=== Your task ===
Without the pictures, set down everything in the listing exactly.

=== Data provided ===
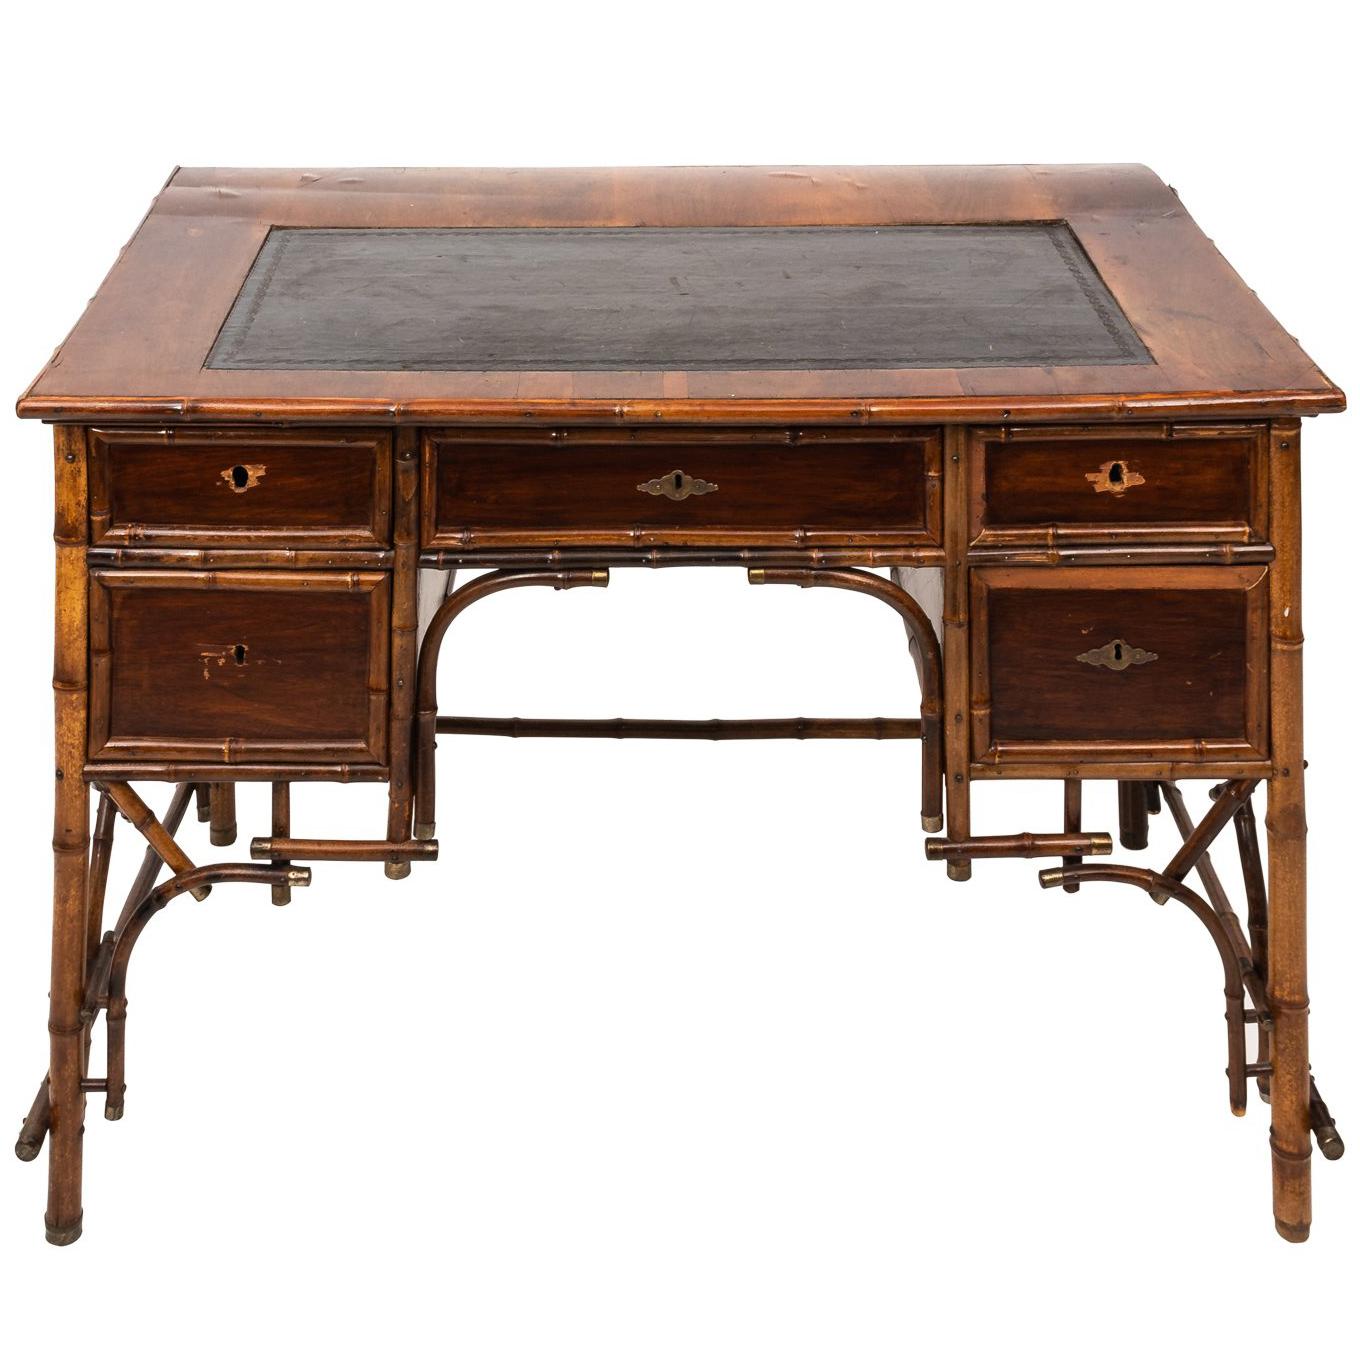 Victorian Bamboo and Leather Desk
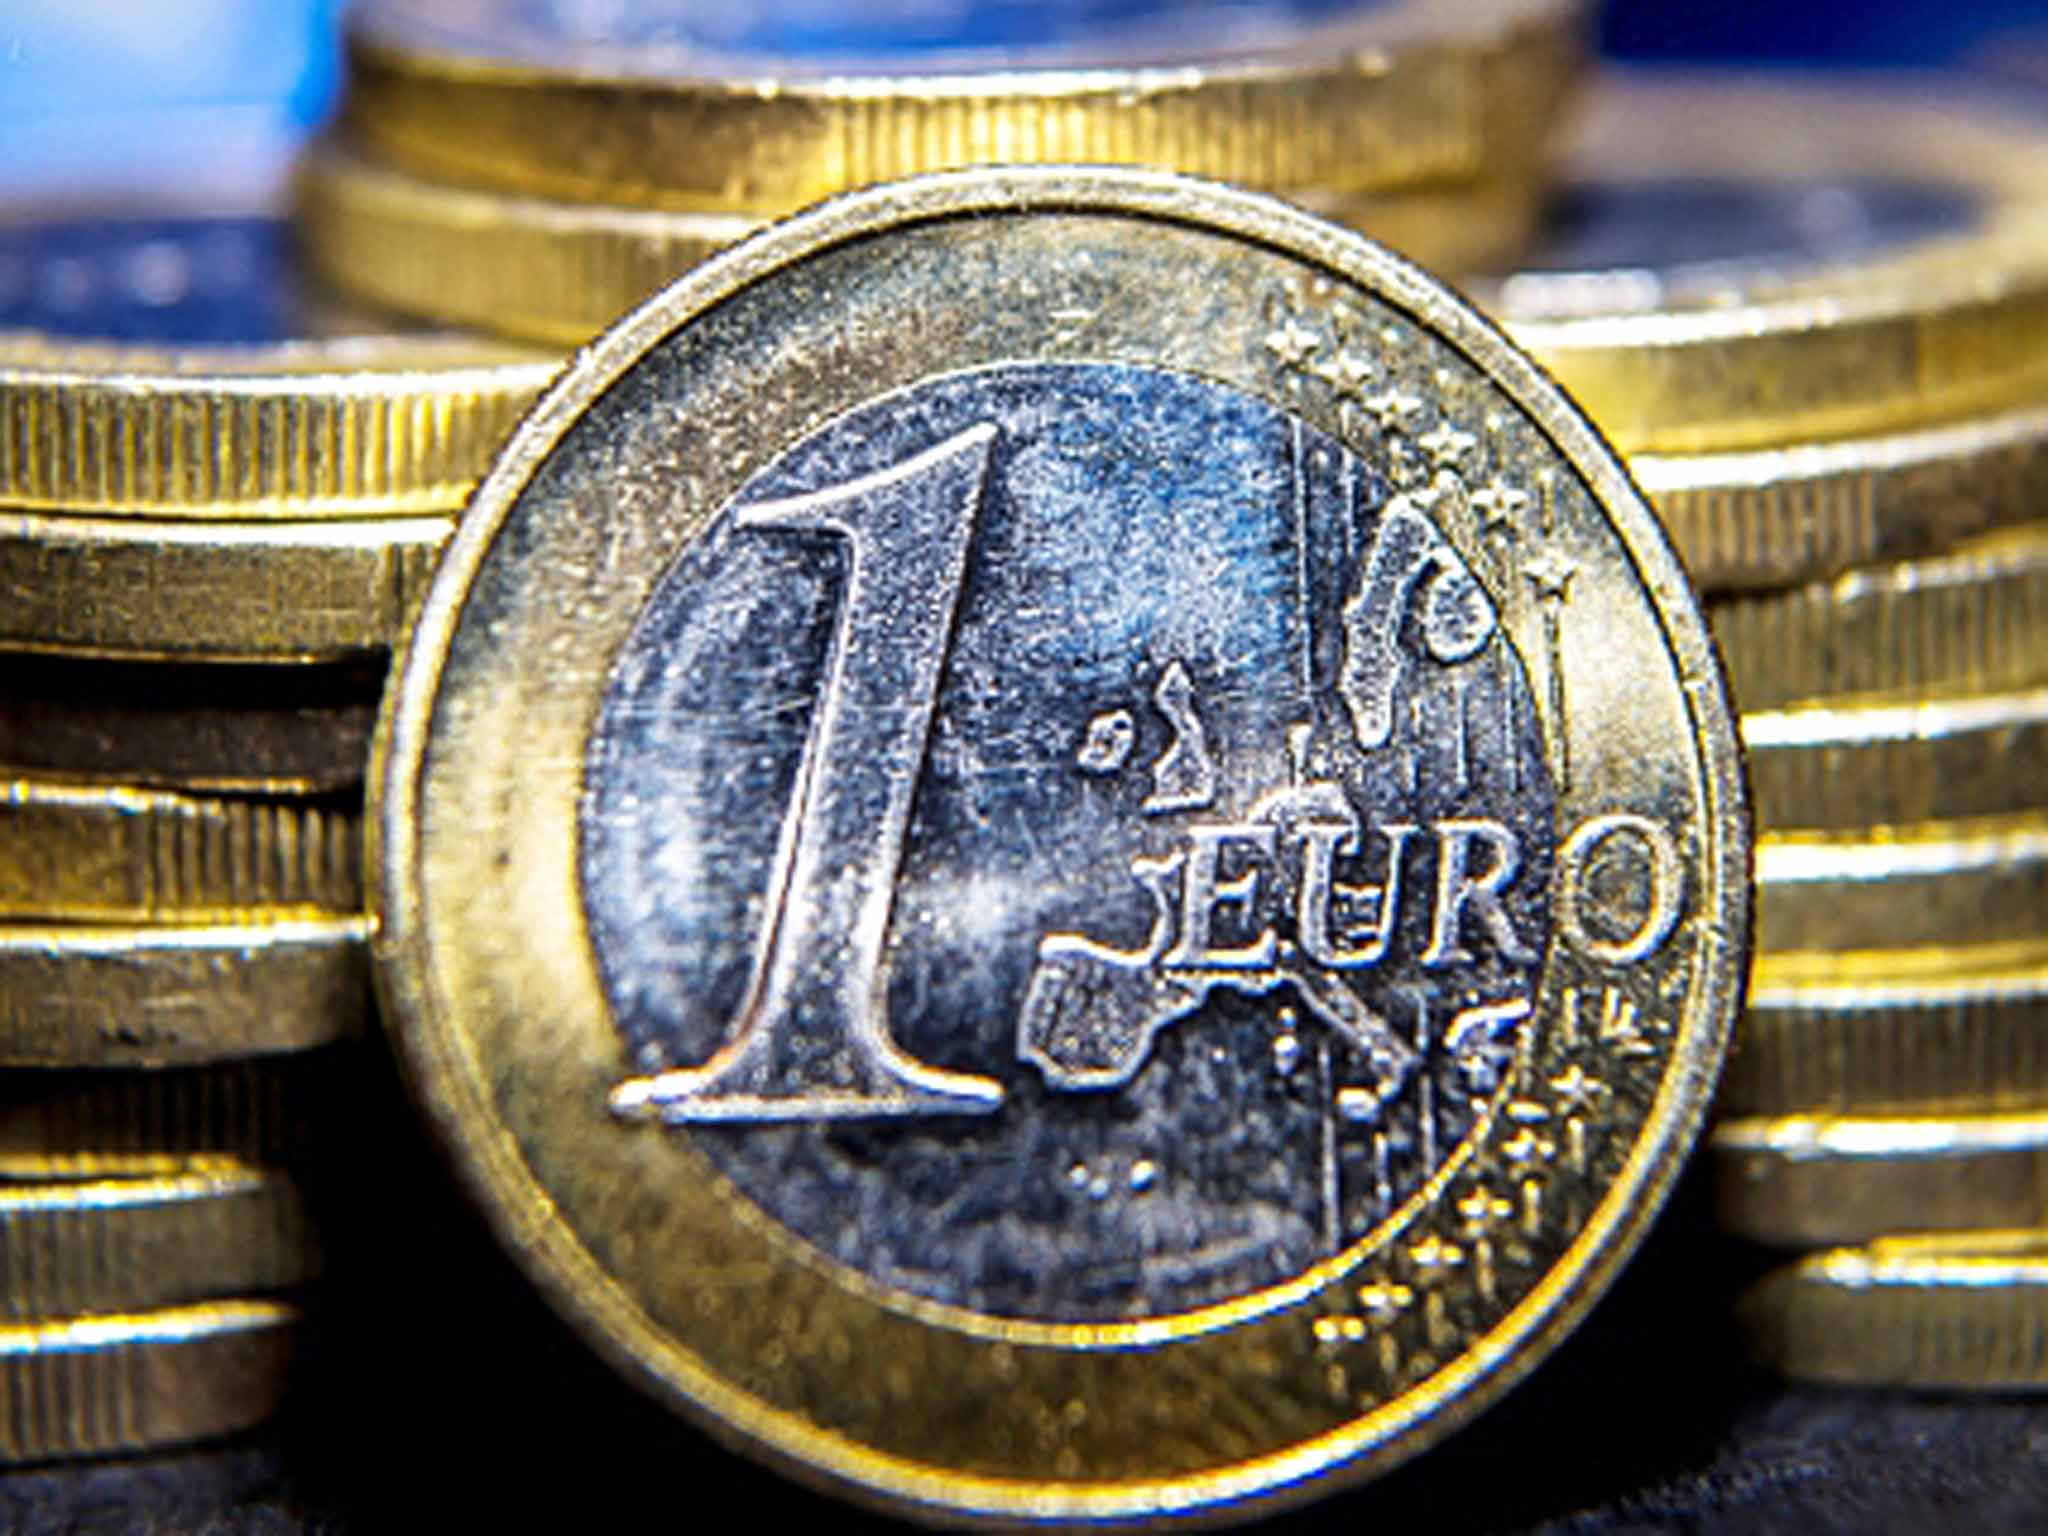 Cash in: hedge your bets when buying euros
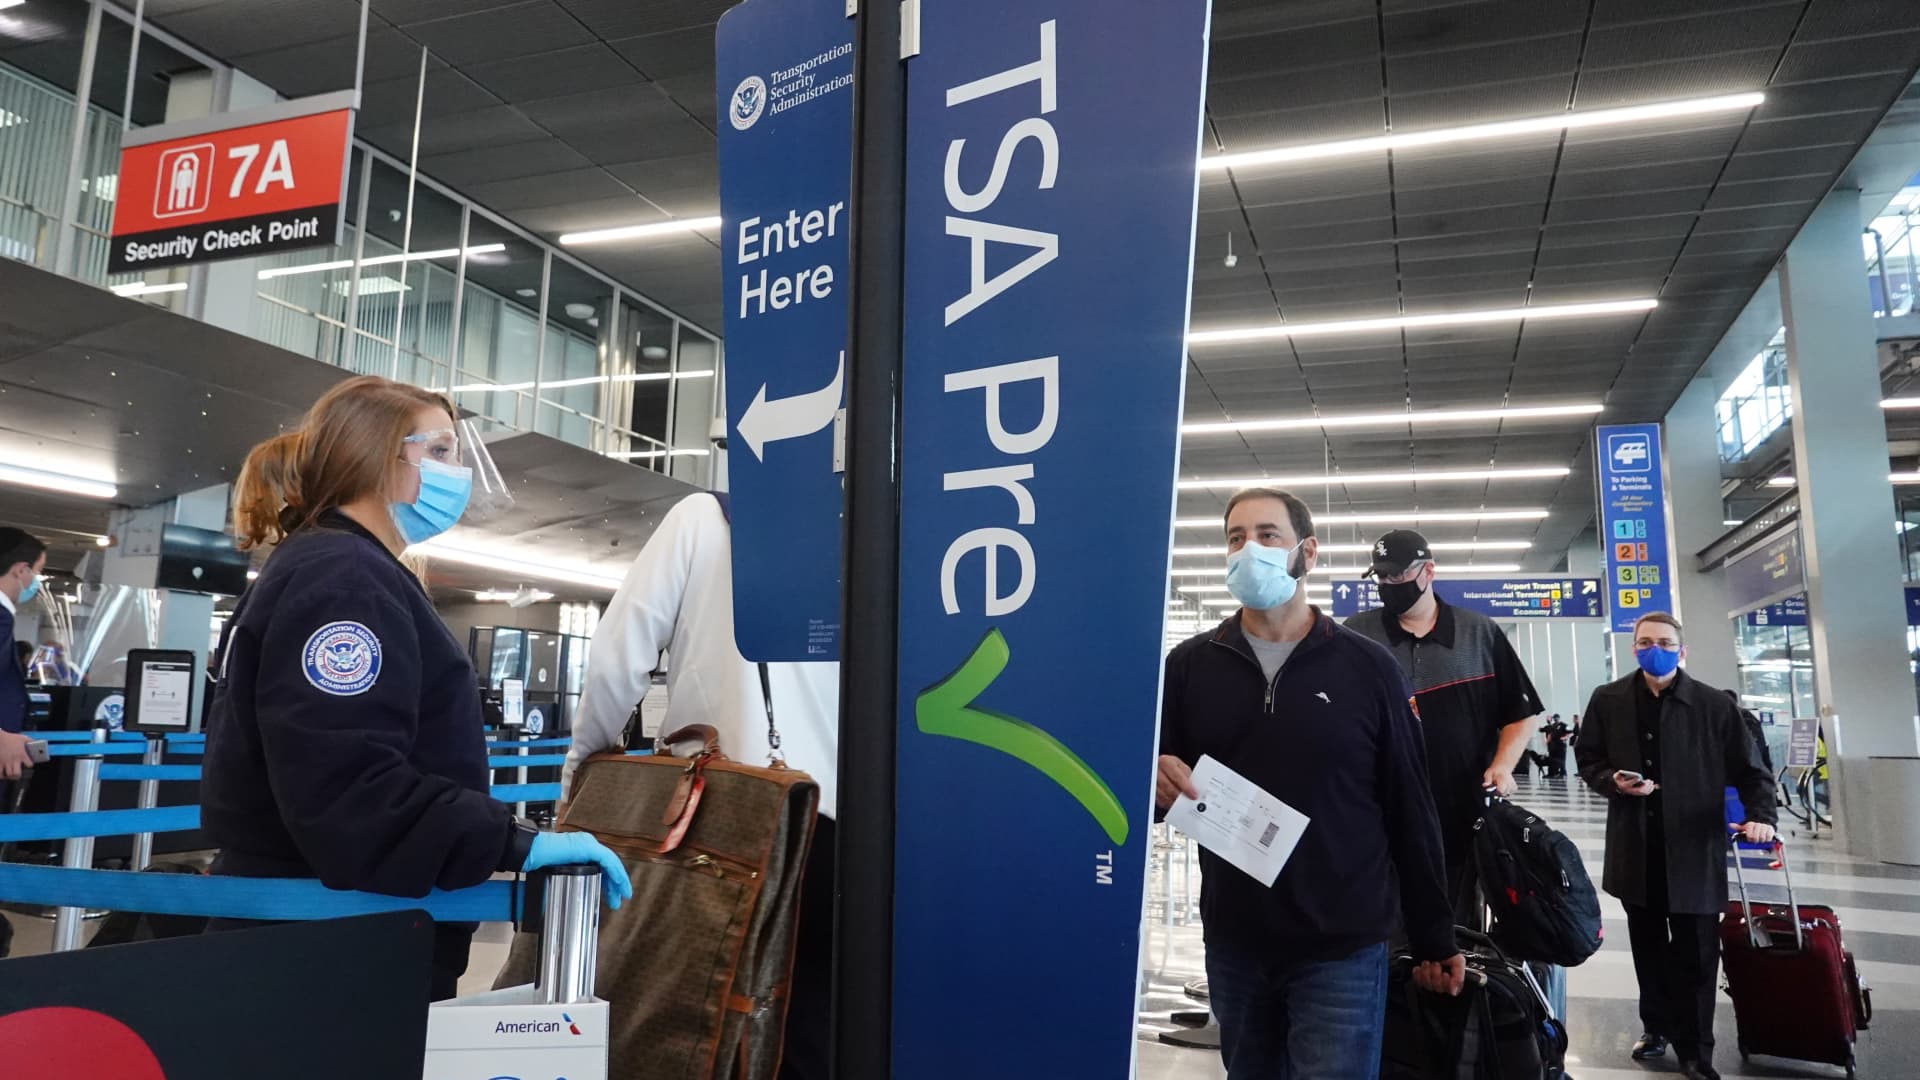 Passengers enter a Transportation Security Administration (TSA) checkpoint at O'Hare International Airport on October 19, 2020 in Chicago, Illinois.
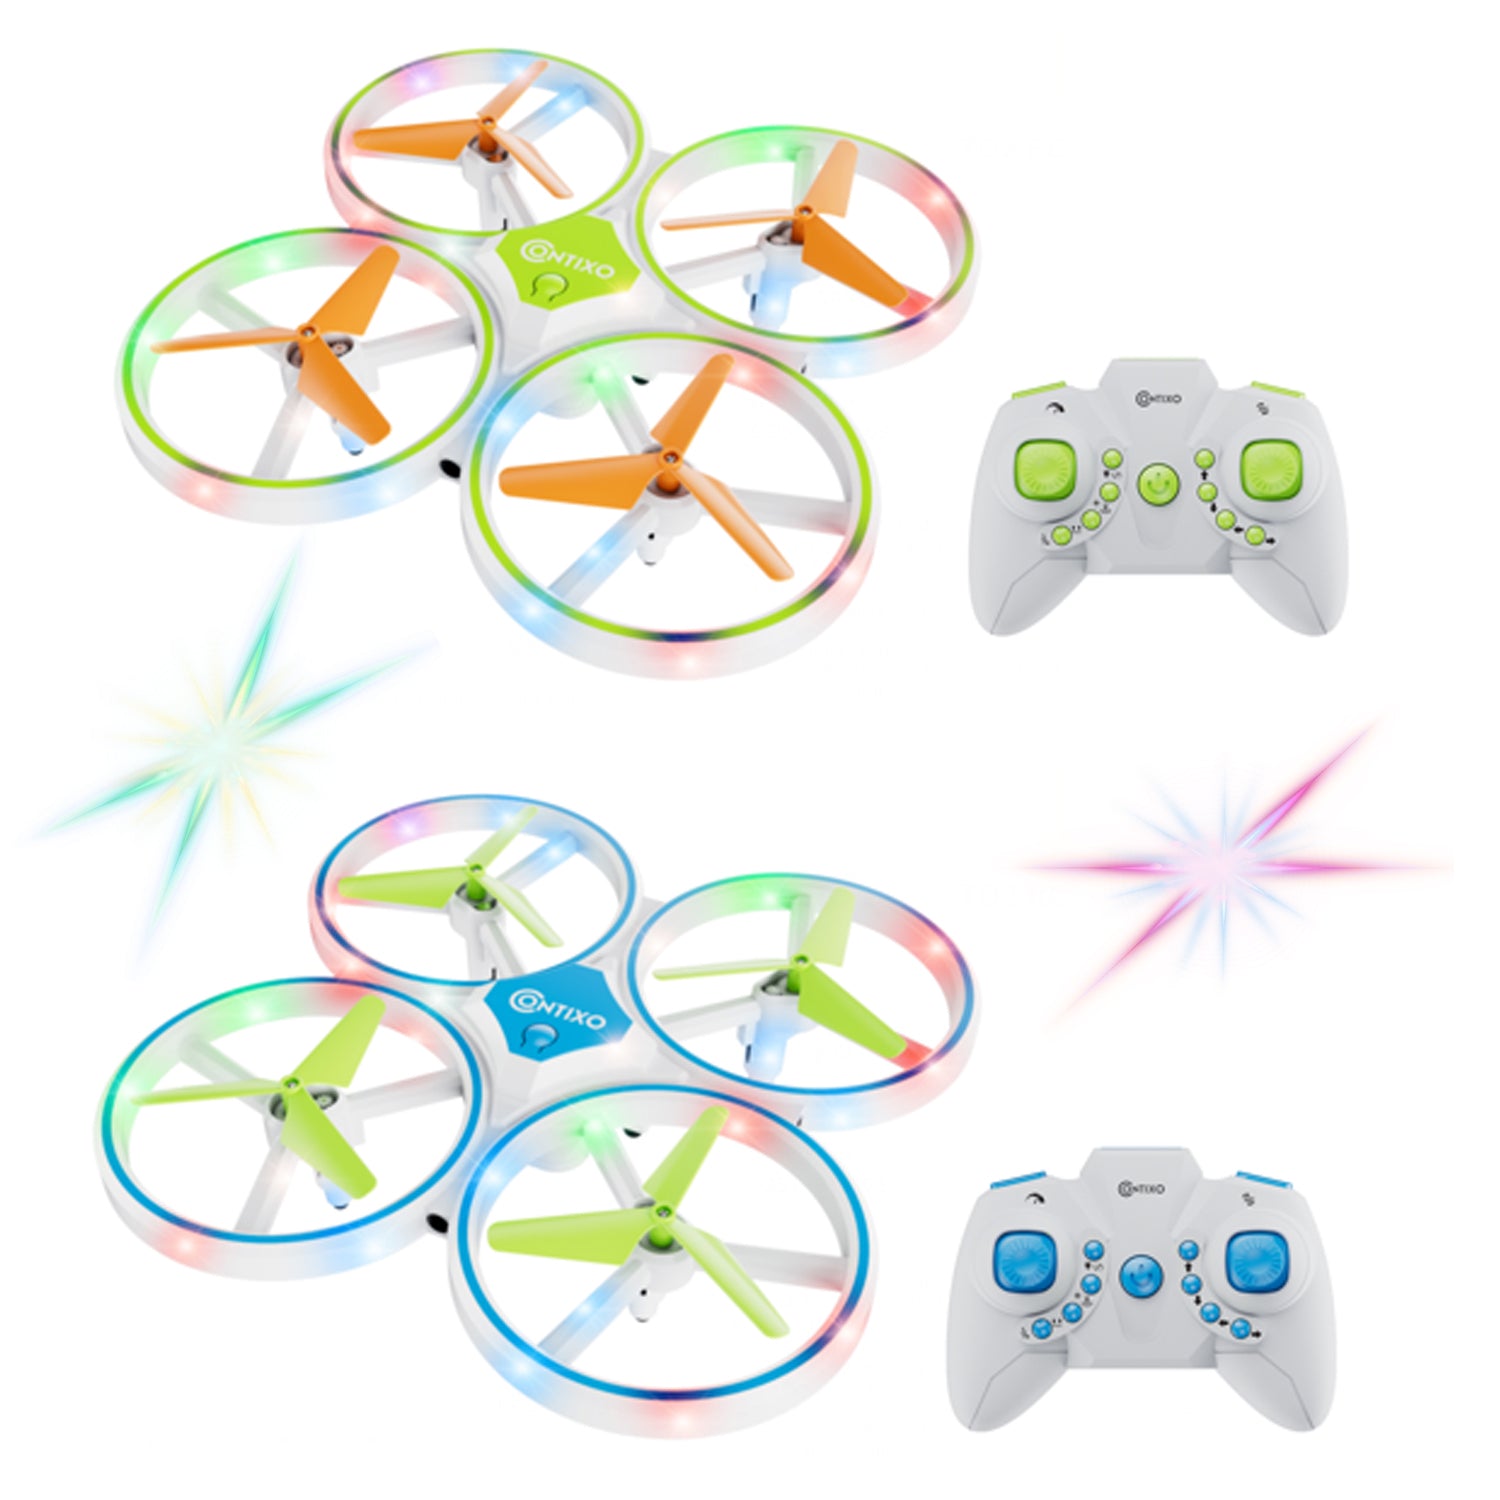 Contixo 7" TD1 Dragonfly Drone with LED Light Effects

=== Result for this task ===
 Victorian Bamboo and Leather Desk
 Cash in: hedge your bets when buying euros
 Passengers enter a Transportation Security Administration (TSA) checkpoint at O'Hare International Airport on October 19, 2020 in Chicago, Illinois.
 Contixo 7" TD1 Dragonfly Drone with LED Light Effects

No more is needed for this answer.